Поэтому систематическому обсуждению двух главных представителей нашего вопроса должно предшествовать, хотя бы для того, чтобы получить основу, историческое разъяснение, включающее, помимо отрывков их сочинений, в которых затрагивается наша тема, также переписку обоих. Ведь всегда необычайно привлекательно следить за ходом мыслей двух великих умов в их наиболее интимном выражении, а здесь, где на первый план выходят самые глубокие и интимные отношения между философией и поэзией, это, конечно, особенно важно: помимо интересных прожекторов, которые падают по этому случаю на Гете, Кёрнера, Гумбольдта, Фихте и других представителей веймарского круга друзей. Поэтому мы надеемся, что вы извините нас, если в исторической части нашего трактата, которая следует первой, мы примем более общий подход к нашему предмету и попытаемся показать нашим читателям ход развития отношений Шиллера с Кантом в целом, то есть прежде всего его изучение последнего; мы смеем надеяться на это тем более, что подобная попытка еще не предпринималась с такой специализацией и в тесной связи с самыми непосредственными источниками наших знаний.31 К сожалению, между обоими главными героями было отправлено только по одному письму. Тем богаче источники переписки Шиллера: с 1787 года – с Кёрнером, в 1793 году – с герцогом Фридрихом Кристианом Шлезвиг-Гольштейн-Августенбургским, с 1794 года – с Гёте; переписка Шиллера с Вильгельмом фон Гумбольдтом и Фихте для нас менее актуальна.32

I. Отношение Шиллера к Канту в его историческом развитии.

1787—1790.

Мы не будем здесь углубляться в докантовскую философию Шиллера, если только угодно называть этим именем философскую поэзию «Писем Юлии и Рафаэля» – совершенно отдельно от еще более ранних юношеских попыток.33 Достаточно привести свидетельство самого Шиллера об этом докантианском периоде: «То, что мой Julius сразу же занялся вселенной, в моем случае, вероятно, индивидуально; а именно потому, что я сам не читал почти никакой другой философии и случайно не познакомился ни с какой другой.
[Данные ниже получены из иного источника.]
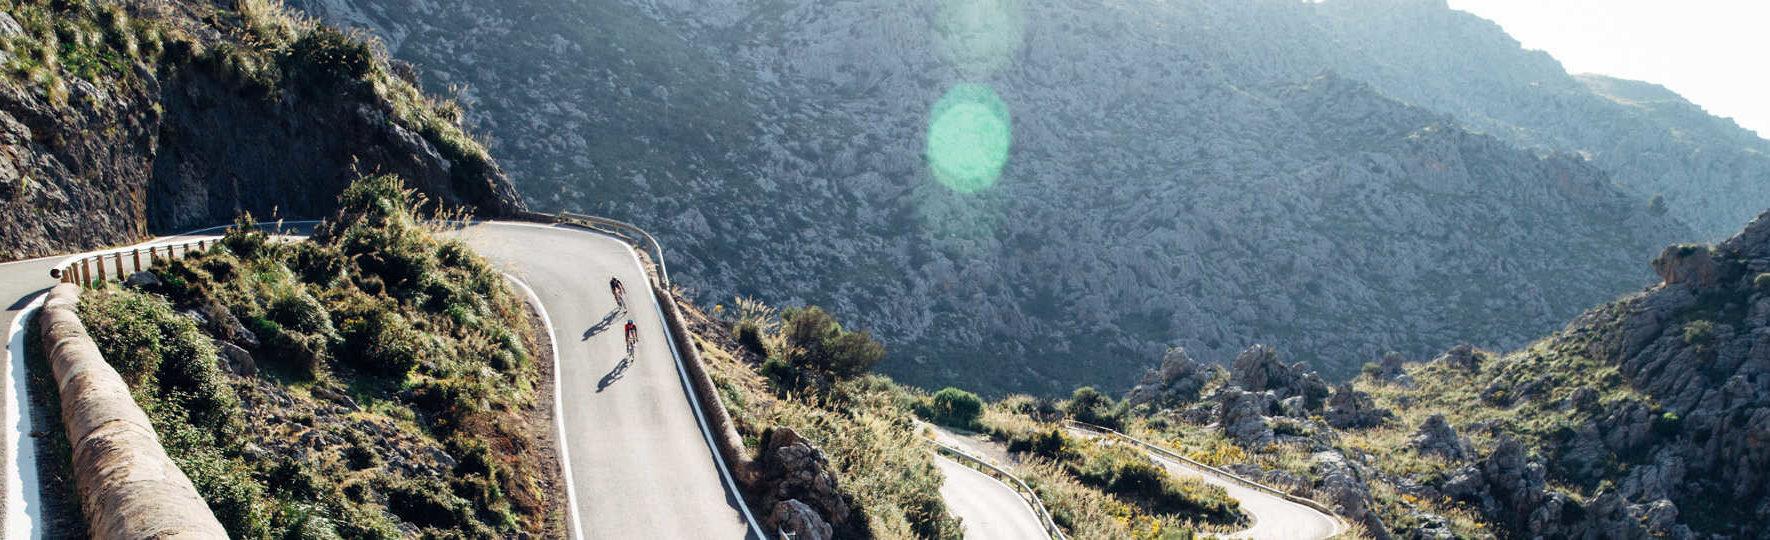 trek bicycle IOT
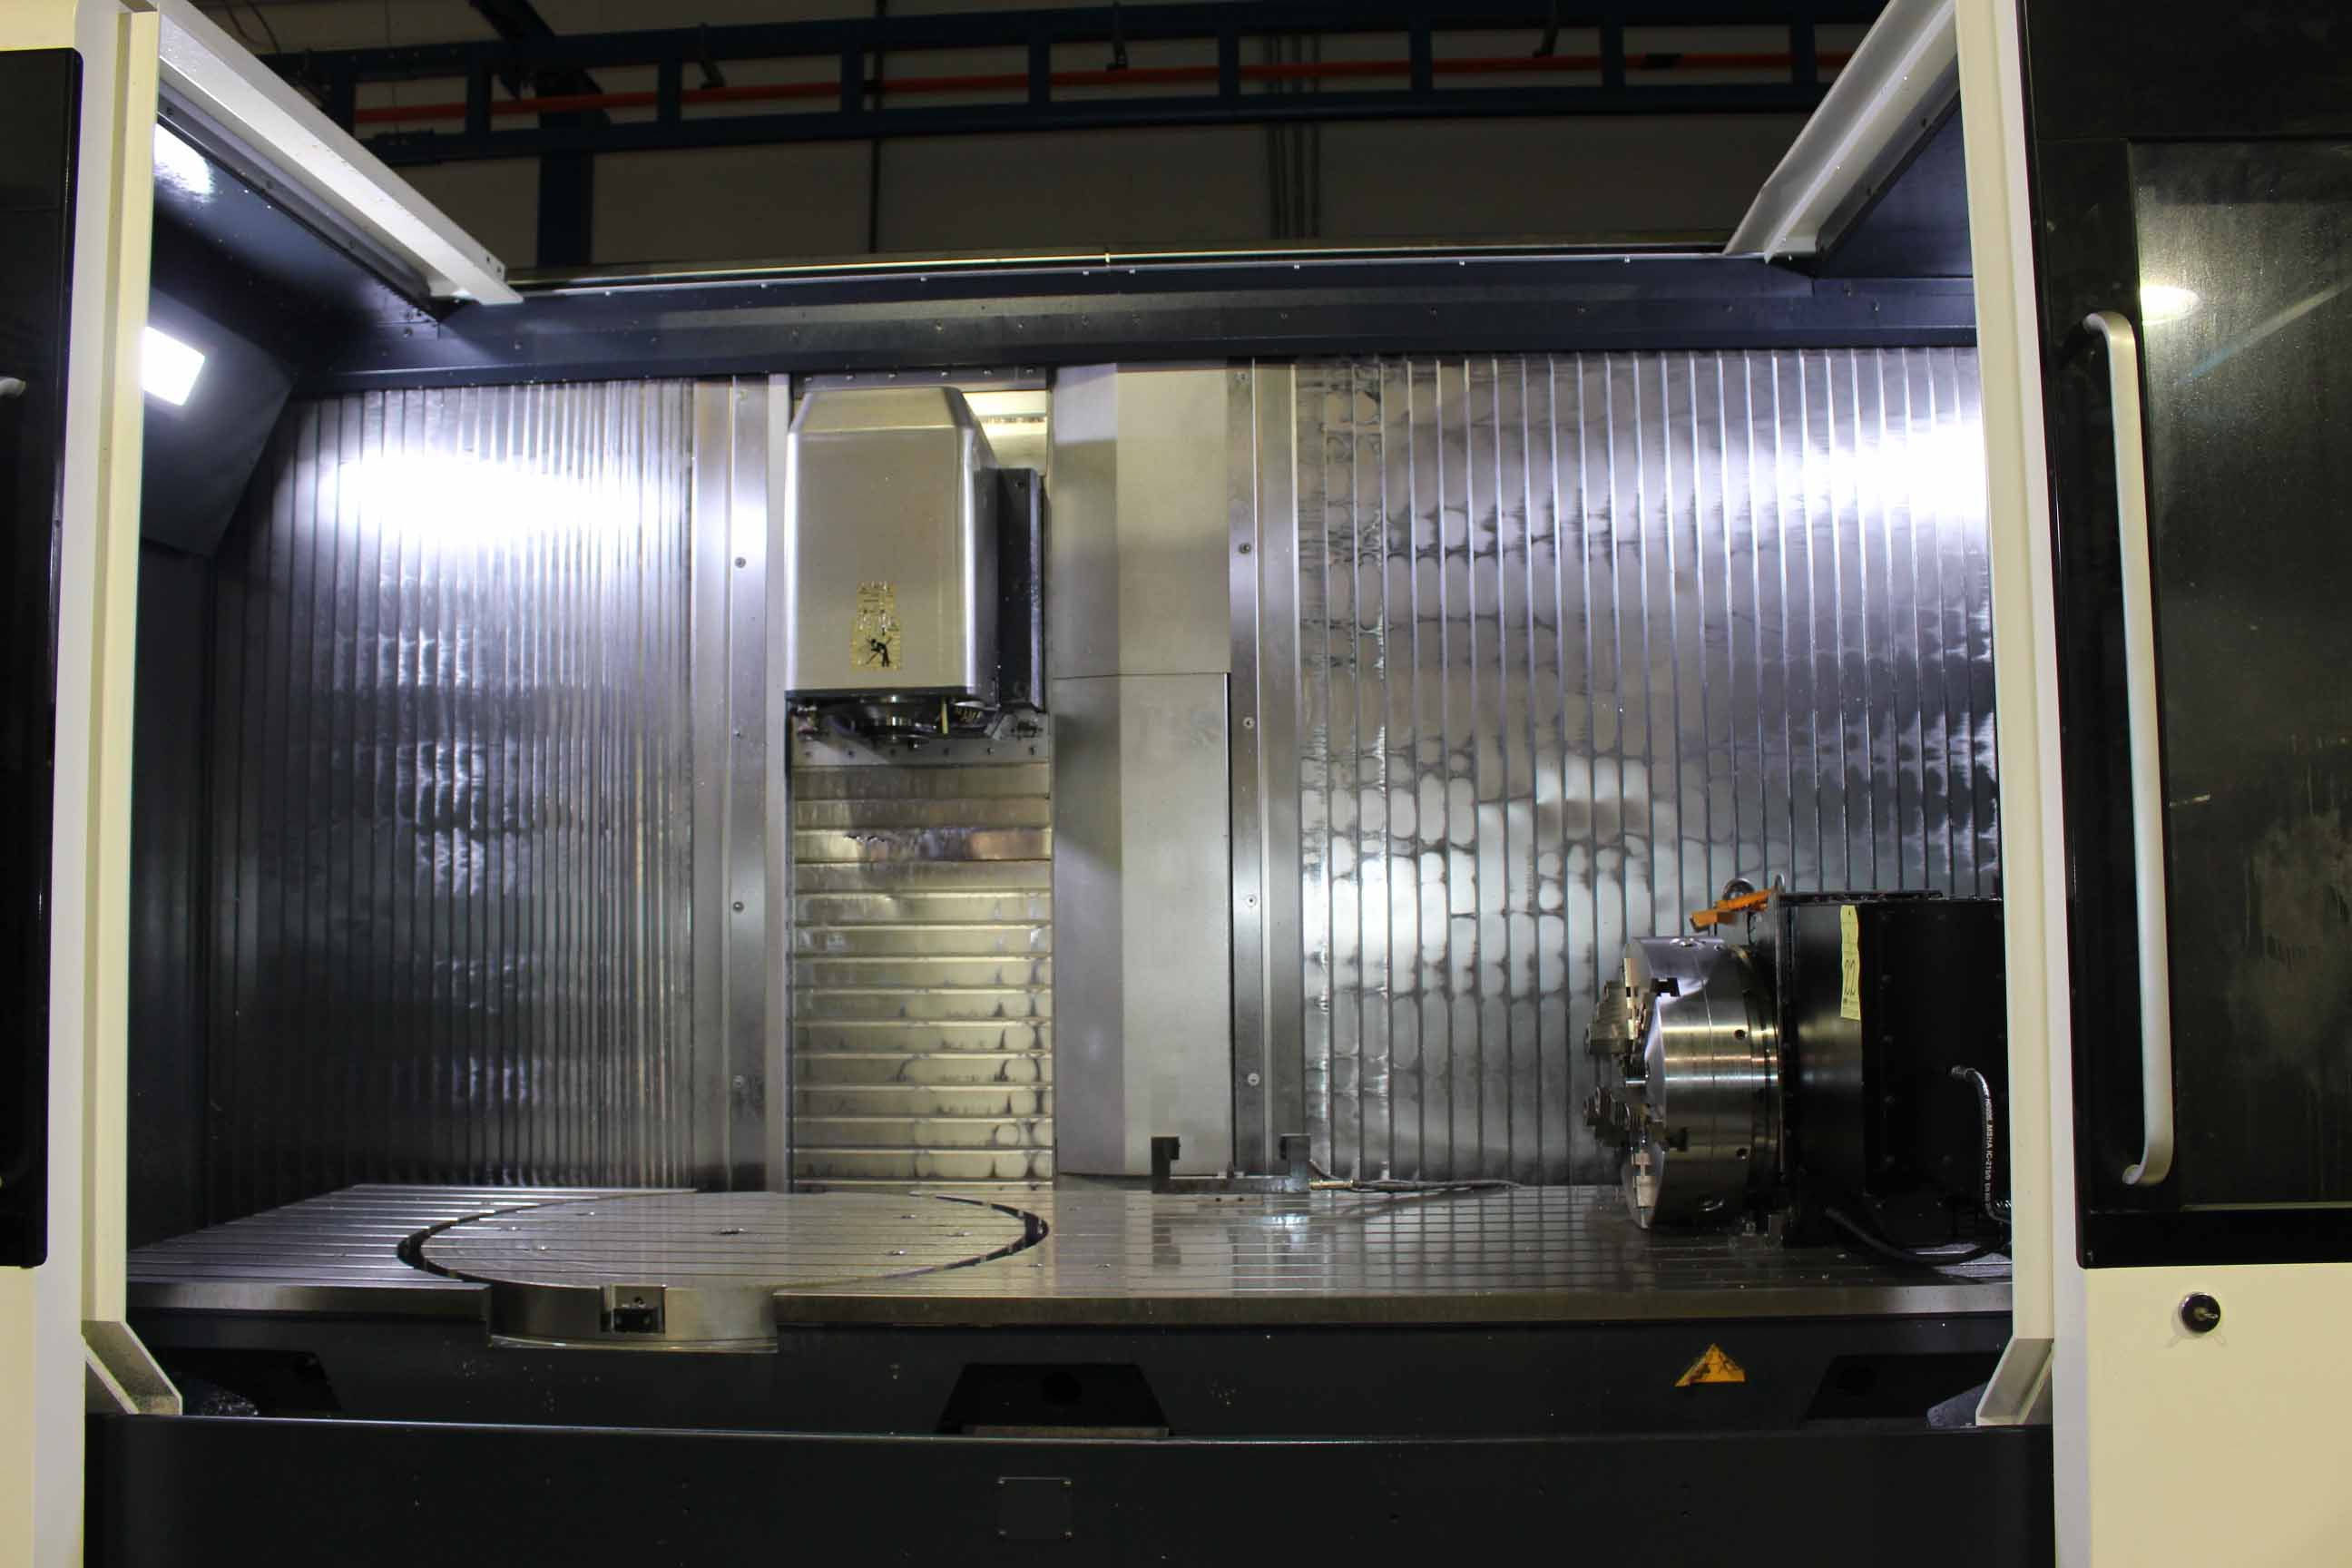 Lot 21 - TRAVELING COLUMN VERTICAL MACHINING CENTER, DECKEL MAHO MDL. DMF260/11, new 2013, Siemens ERGOline

Из философских трудов (из тех немногих, что я читал) я брал только то, что можно прочувствовать и обработать поэтически» (письмо Кёрнеру, 15 апреля 1788 года). Последнее из философских писем, однако, от Рафаэля к Юлиусу, в котором заметно кантовское влияние, исходит не от нашего поэта, как до сих пор считает Куно Фишер,34 а от его друга Кёрнера; в определенной степени его следует рассматривать как критическое наставление Кёрнера-Рафаэля Шиллеру-Юлиусу! Похоже, что Кёрнер был первым, кто неоднократно указывал поэту на критическую философию. Отсюда его шутливо-гневное замечание в письме к Шиллеру от 7 сентября 1787 года: … «То, что Рейнгольд делает Вас прозелитом, скоро приведет меня в смятение, так как я всегда напрасно проповедовал Вам Канта». Это письмо – ответ на первое письмо Шиллера, в котором упоминается Кант (от 29 августа 1787 года).